East Rockaway Junior-Senior High School (ERHS) is a six-year public secondary school in East Rockaway, New York, and the sole high school in East Rockaway School District. As of the 2023-24 school year, the school enrolled 577 students.

==Athletics==
East Rockaway High School's athletic teams are known as the "Rocks" (and the "Lady Rocks") and have Division IV teams in American football, baseball, volleyball, softball, basketball, and track and field. The school's soccer and lacrosse teams are shared between itself and Malverne Senior High School. The school's mascot, The Rockman, is visually based on The Thing of the Fantastic Four. The school's colors are orange and black.

==Musicals==
Every year, the students of ERHS, often inviting elementary students, stage a musical production.
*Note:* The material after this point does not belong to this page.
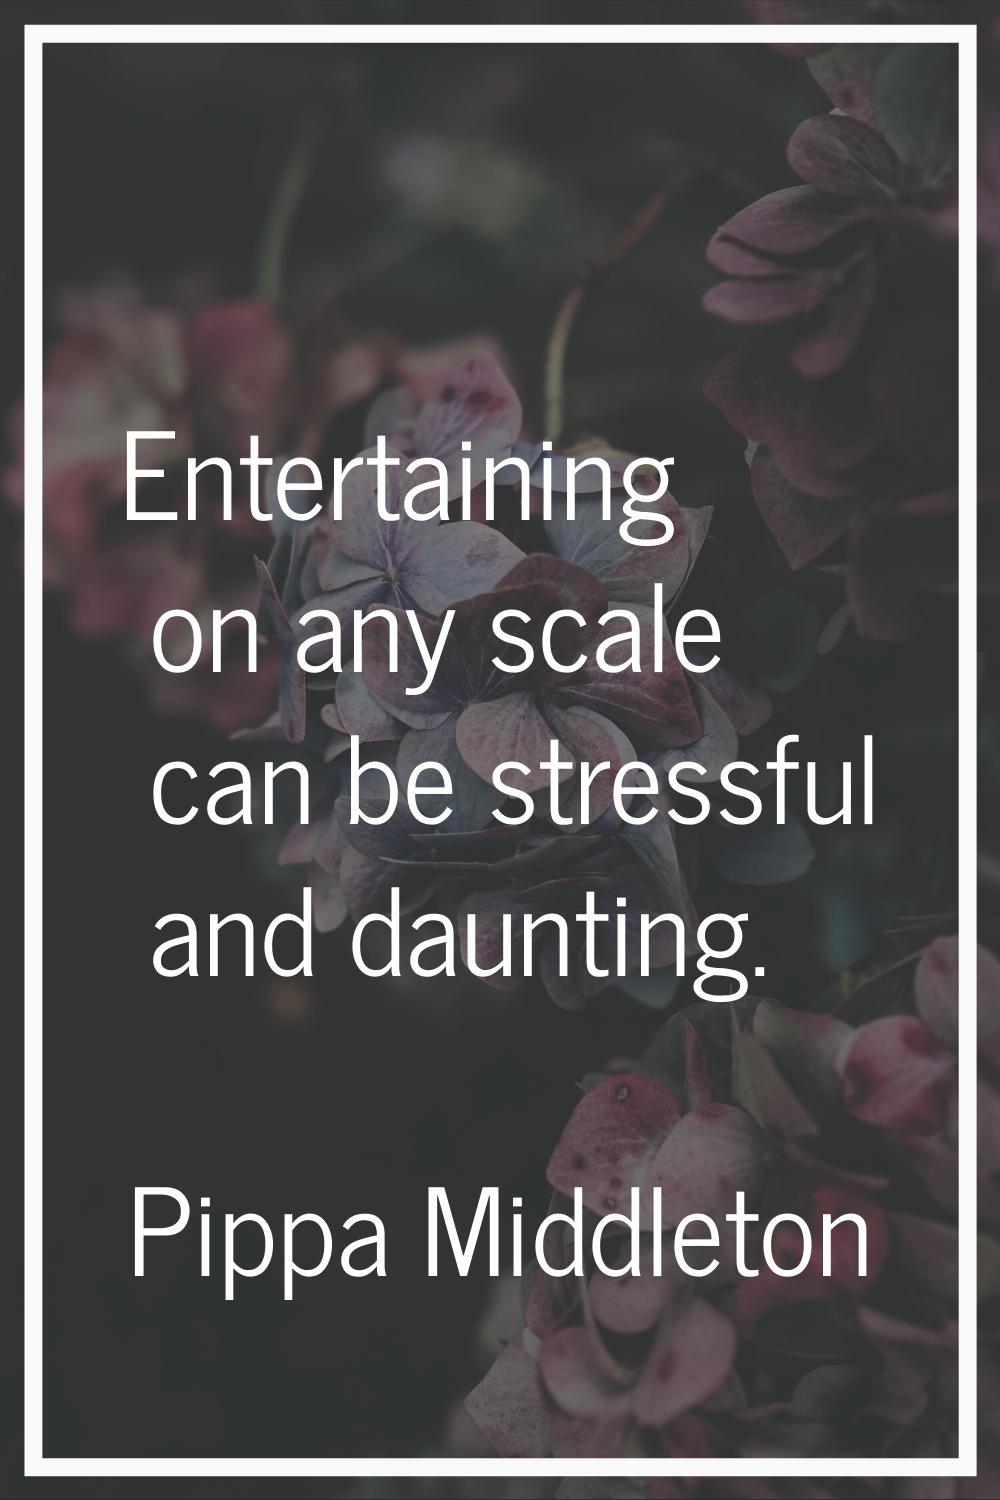 Entertaining on any scale can be stressful and daunting.
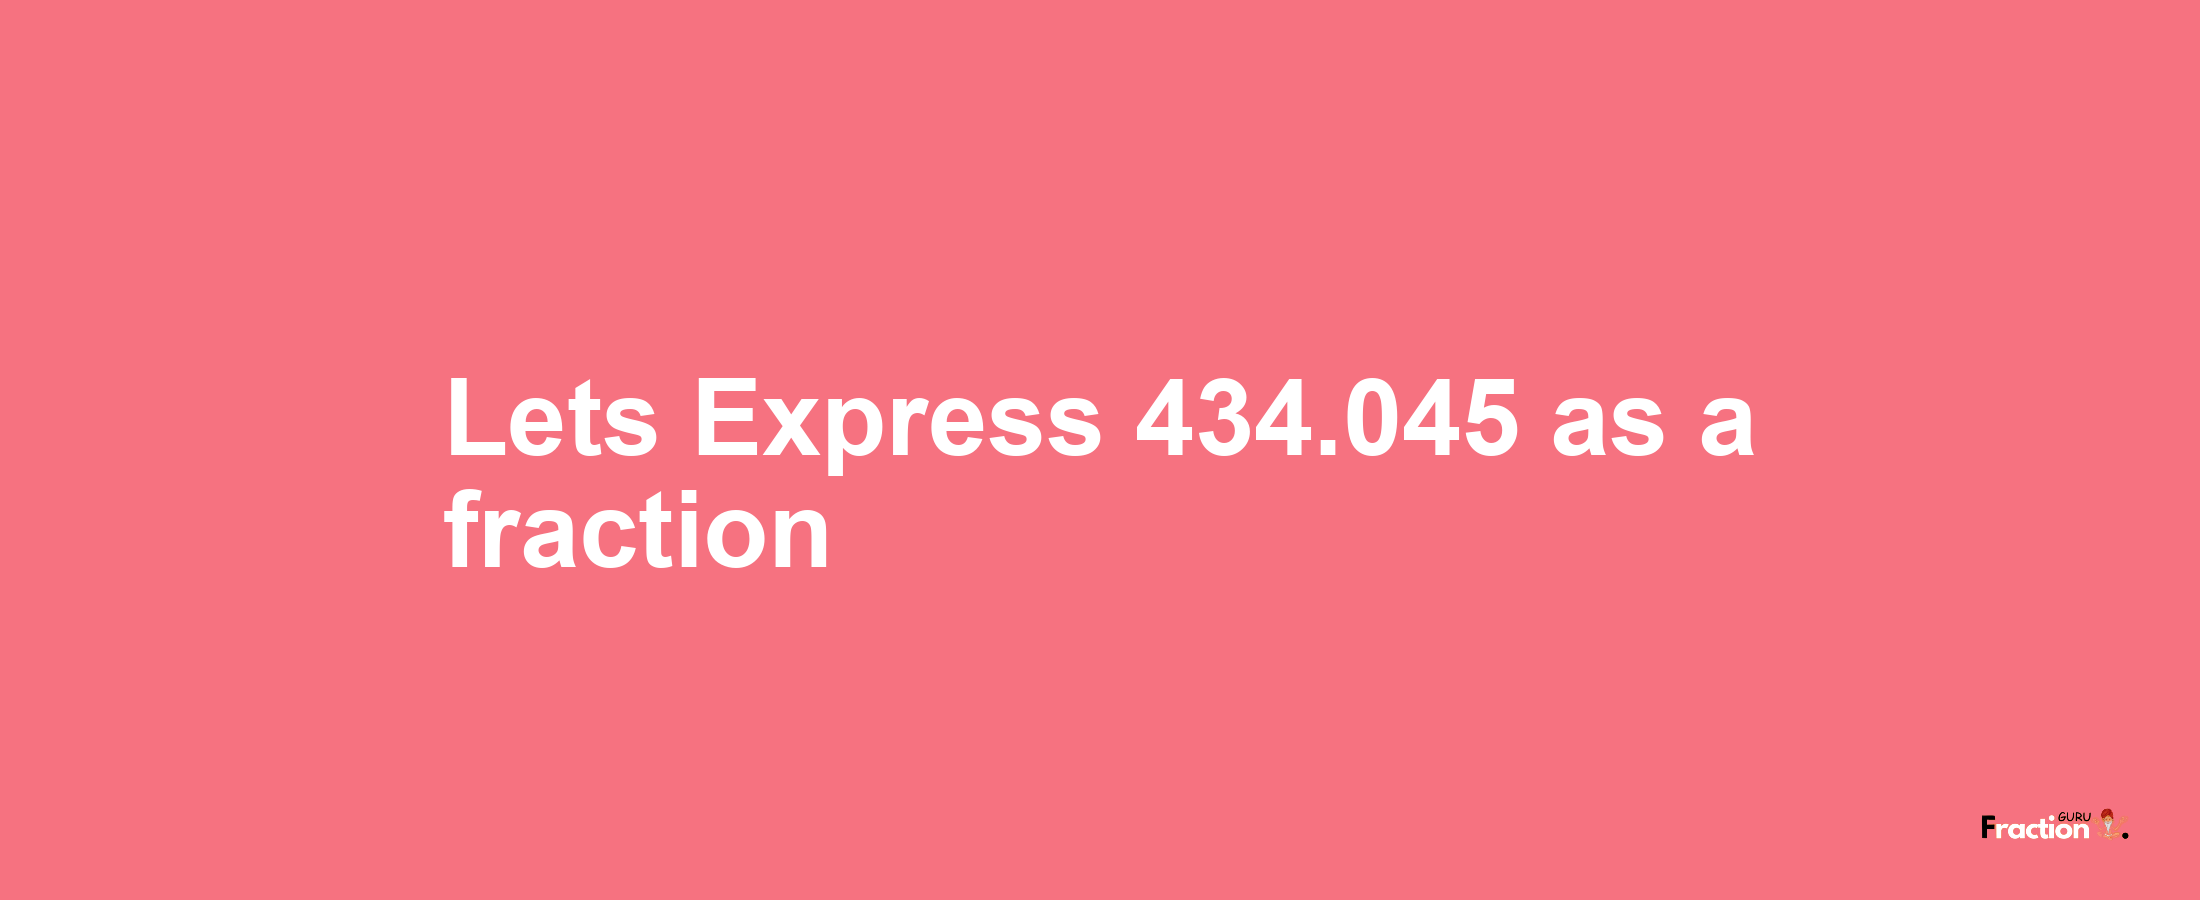 Lets Express 434.045 as afraction

These productions include You're a Good Man, Charlie Brown (1989), Little Shop of Horrors (1990 and 2014), The Wizard of Oz (1991, 2010, and 2020), Peter Pan (1992 and 2002), Annie (1993 and 2004), Godspell (1994), The Sound of Music (1995 and 2011), Cinderella (1996), Bye Bye Birdie (1997 and 2019), Oliver! (1998 and 2009), Guys and Dolls (1999), The Music Man (2000), Mame (2001), Grease (2003), Hello, Dolly! (2005), Damn Yankees (2006), West Side Story (2007), City of Angels (2008), Crazy for You (2012), Seussical (2013), Willy Wonka and the Chocolate Factory (2015), Mary Poppins (2016), Shrek the Musical (2017), and The Little Mermaid (2018).